This report, titled Use of Dietary Supplements by Military Personnel, is the product of the work of an ad hoc committee under the auspices of the Standing Committee on Military Nutrition Research (CMNR). The CMNR, a standing committee of the Food and Nutrition Board (FNB), was established in 1982 to advise the U.S. Department of Defense (DoD) on the need for and conduct of nutrition research and related issues. This report was produced in response to a request by the Military Nutrition Division of the U.S. Army Research Institute of Environmental Medicine (USARIEM) to the Institute of Medicine (IOM) to convene a committee to review the use of dietary supplements by military personnel and recommend an approach to determine which dietary supplements need active management. Initial sponsors of the study were USARIEM, the U.S. Army Medical Research and Materiel Command, the Samueli Institute, and the National Institutes of Health Office of Dietary Supplements. Their representatives helped with the formulation of the specific questions in consultation with the CMNR. As the project was initiated, the U.S. Food and Drug Administration’s (FDA’s) Center for Food Safety and Applied Nutrition became a sponsor of the study.

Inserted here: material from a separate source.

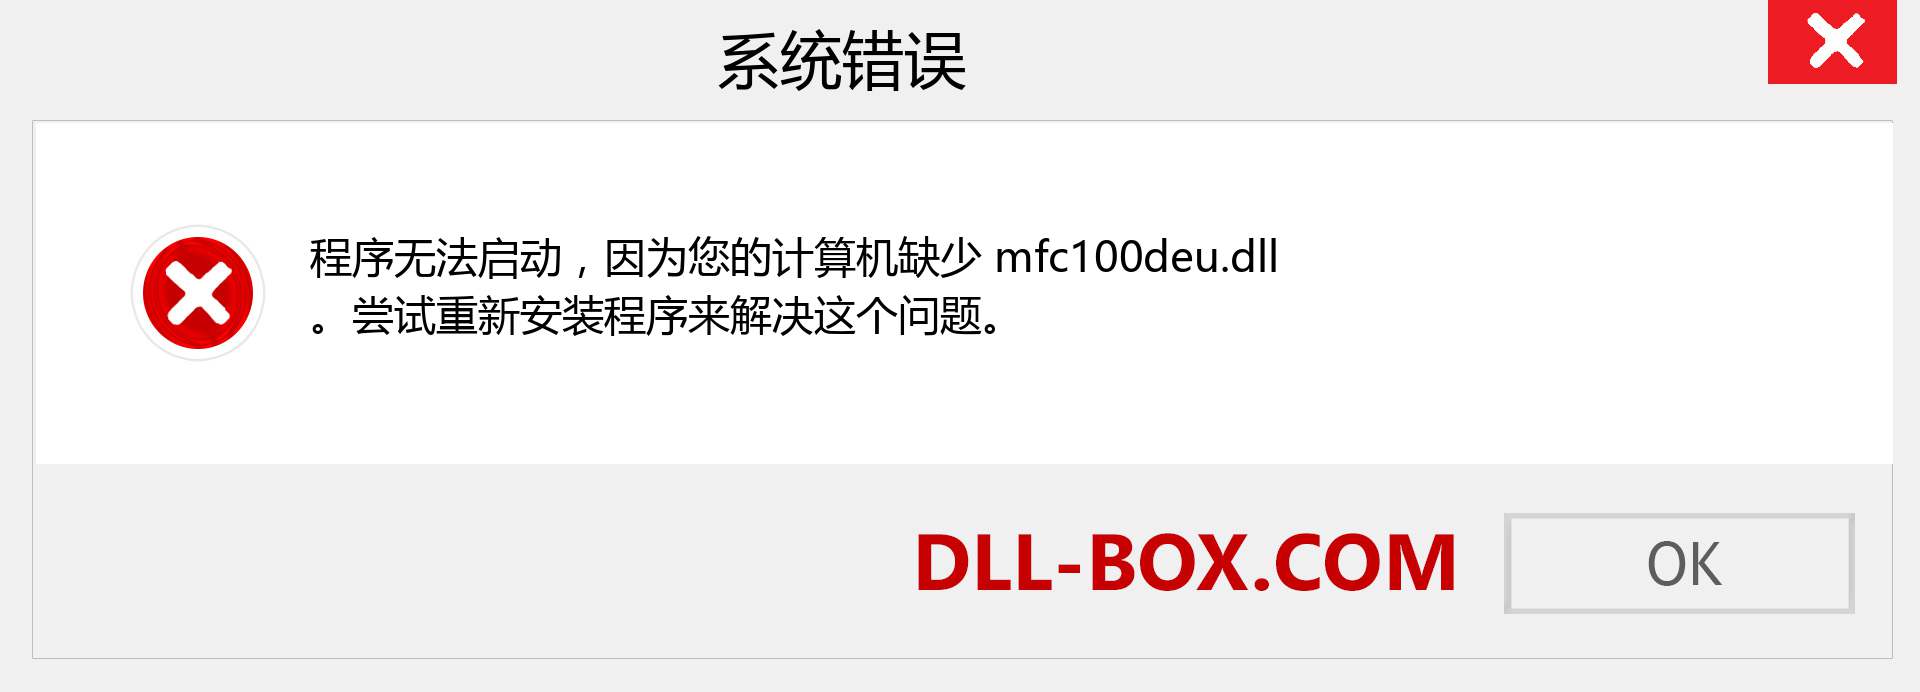 mfc100deu.dll 文件丢失？。 适用于 Windows 7、8、10 的下载 - 修复 Windows、照片、图像上的 mfc100deu dll 丢失错误
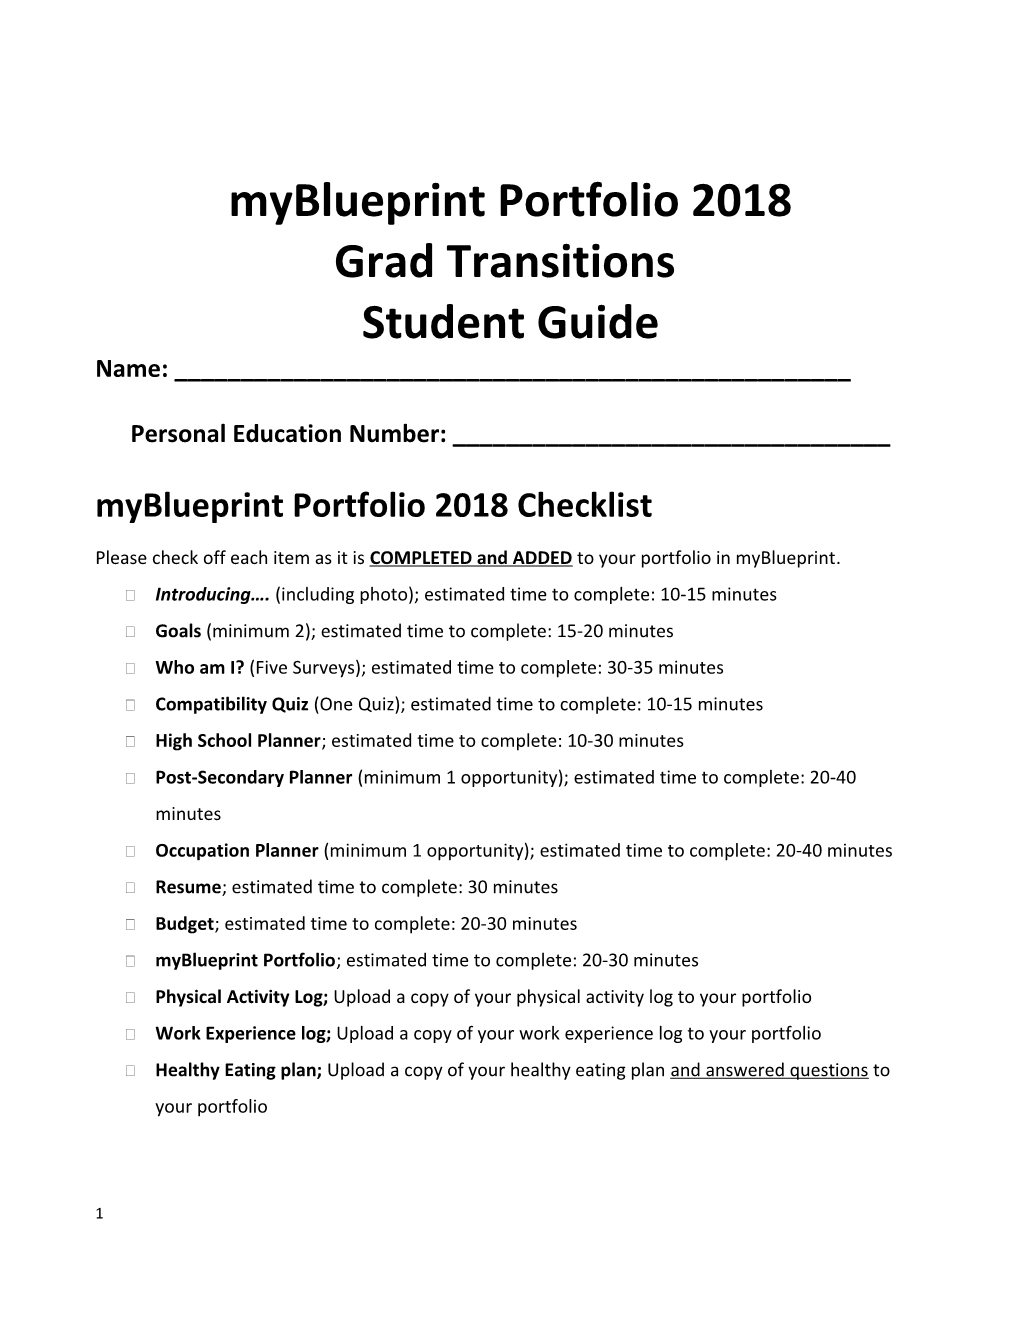 Myblueprint Portfolio 2018

A 12-member committee was formed that had expertise in micronutrients, protein, energy balance and sports nutrition, gastroenterology, clinical medicine, food processing and technology, eating behavior and intake regulation, clinical nutrition, dietetics, and psychology. Dietary supplements are widely available through a rapidly expanding market of products that are commonly advertised as being beneficial for health, performance enhancement, and disease prevention. These claims may influence the use of dietary supplements by military personnel, given the importance and frequent evaluation of physical performance and health as criteria to join and remain in the military. The increase in use of these products has raised some concern regarding their overall and long-term efficacy and safety. The evaluation of such products is especially difficult since many contain multiple ingredients, have a changing composition over time, or are used intermittently at doses difficult to measure. Because of these difficulties, it may take a long time for the current system of voluntary adverse event reporting to detect problems. Although the vast majority of military personnel are assumed to be at the same general risk as the overall U.S. population, the specific requirements of some military personnel require that additional due diligence be exercised both with respect to possible benefits and to the possible risks when these products are used by military personnel in particular job classifications and/or environments. For special military subpopulations, relatively minor adverse effects could seriously affect the unit’s ability to perform its mission. It is clear then that these subpopulations within the military are different from the general civilian population, and guidance on managing their use of dietary supplements needs to be tailored to address their specific needs.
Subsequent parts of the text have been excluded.